Double Concerto for Two Violins Op 49.
This contrapuntal and bitonal concerto was written in 1929, five years before Holst's death, and was
written for the sisters Adila Fachiri and Jelly d'Aranyi, who were grand nieces of the famous
Hungarian violinist and composer, Joseph Joachim. The sisters gave the first performance of the
concerto the following year under the baton of Oskar Fried in the Queen's Hall, after which Holst
received the Gold Medal of the Royal Philharmonic Society. Holst himself conducted the work at
that year's Promenade Concerts.
While some regarded the concerto as being ‘highly
intellectualized’ it was generally well-received, the Daily Telegraph stating that it had ‘some
outstanding qualities’ and ‘some moments of rare beauty’ in the slow movement.

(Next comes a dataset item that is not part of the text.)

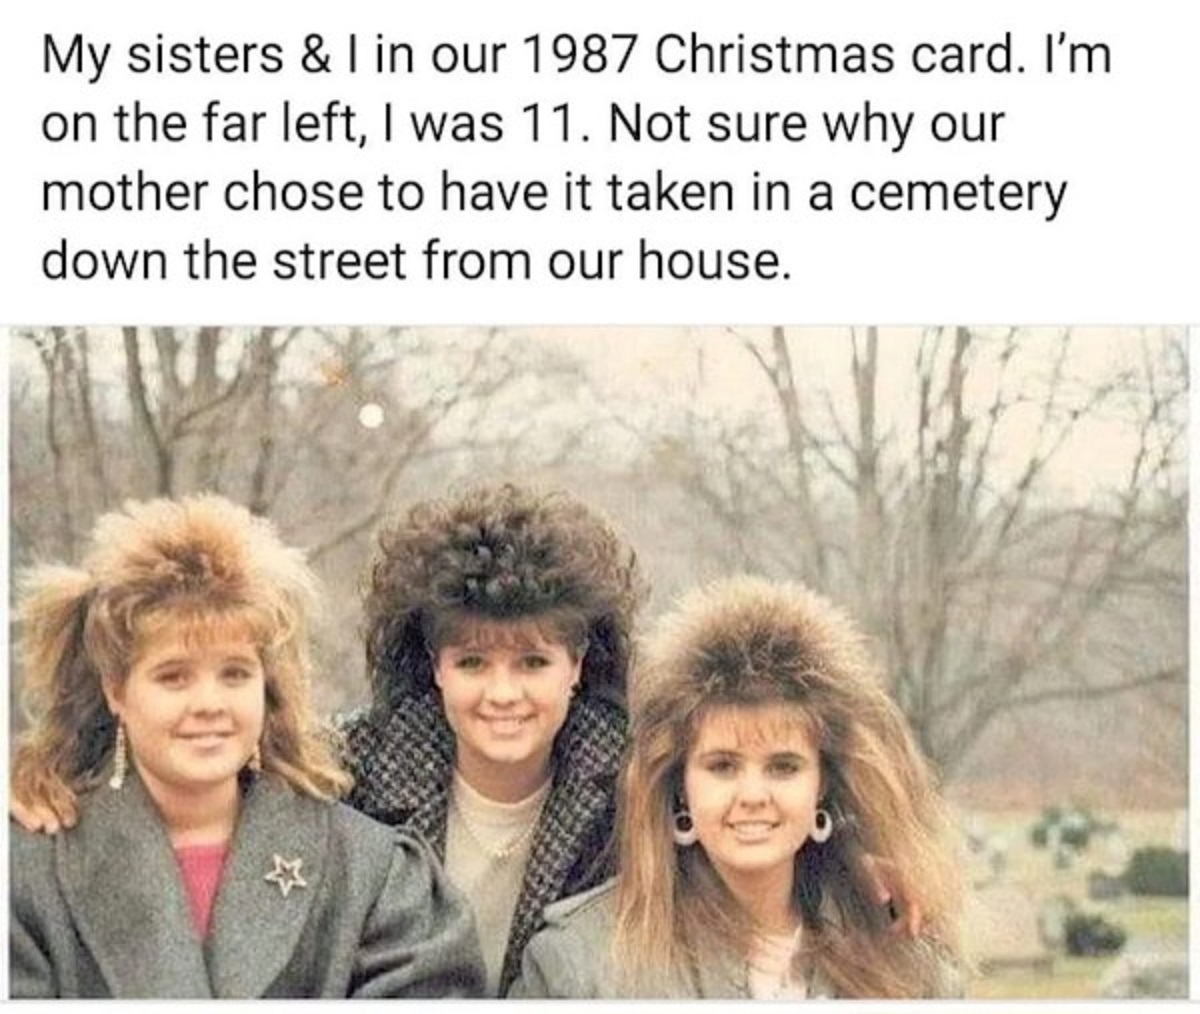 album cover - My sisters & I in our 1987 Christmas card. I'm on the far left, I was 11. Not sure why our mother chose to have it taken in a cemetery down the street from our house.

There are three movements:
I. Scherzo: Allegro
II. Lament: Andante
III. Variations on a Ground: Allegro
The scherzo begins with a rising two note theme which develops into a dancing 6/8 melody. Holst
re-shapes the motive into a second subject that is less broken in rhythm, while the dancing character
of the movement becomes more fluid. A trio-like section sees the soloists engage in two different
flowing melodies, one in 2/4, the other in 6/8, one in D major, the other in F. Some of this section
borrows ideas from the above-mentioned Terzetto. The movement ends with an adagio cadenza for
the first violin, foreshadowing the thematic material of the second movement.
The soloists are unaccompanied for most of the Lament, which is entirely in 5/4 time. A gentle
fugal opening gradually becomes slightly more animated and rises to a climax before a change to
new motifs. Once more the soloists play in different keys to beautiful effect.
The final movement begins with almost no break from the second and has been described as
‘quirky, inventive and appealing....containing a plethora of cross-rhythms and tonal confusion’.
The Ground is introduced quietly by the first violin in 2/2 time but repeated forte by the second
violin in 3/4 time. The subsequent variations continue the alternation in time signature with the
accompaniments becoming increasingly complex until the full orchestra is eventually employed.
When the time signature switches to 5/4, the Ground transfers briefly to the lower strings displaying
a modified rhythm which then spreads to the rest of the orchestra including the soloists and, at one
point, the tympani. A brief three-bar section in 7/4 sees the soloists provide rapid triplet responses
to short declarations of the new rhythm for the Ground. The movement draws to a close via short
meditative reprises of material from both the Lament and the preceding Scherzo, concluding finally
in a triumphant triple forte passage.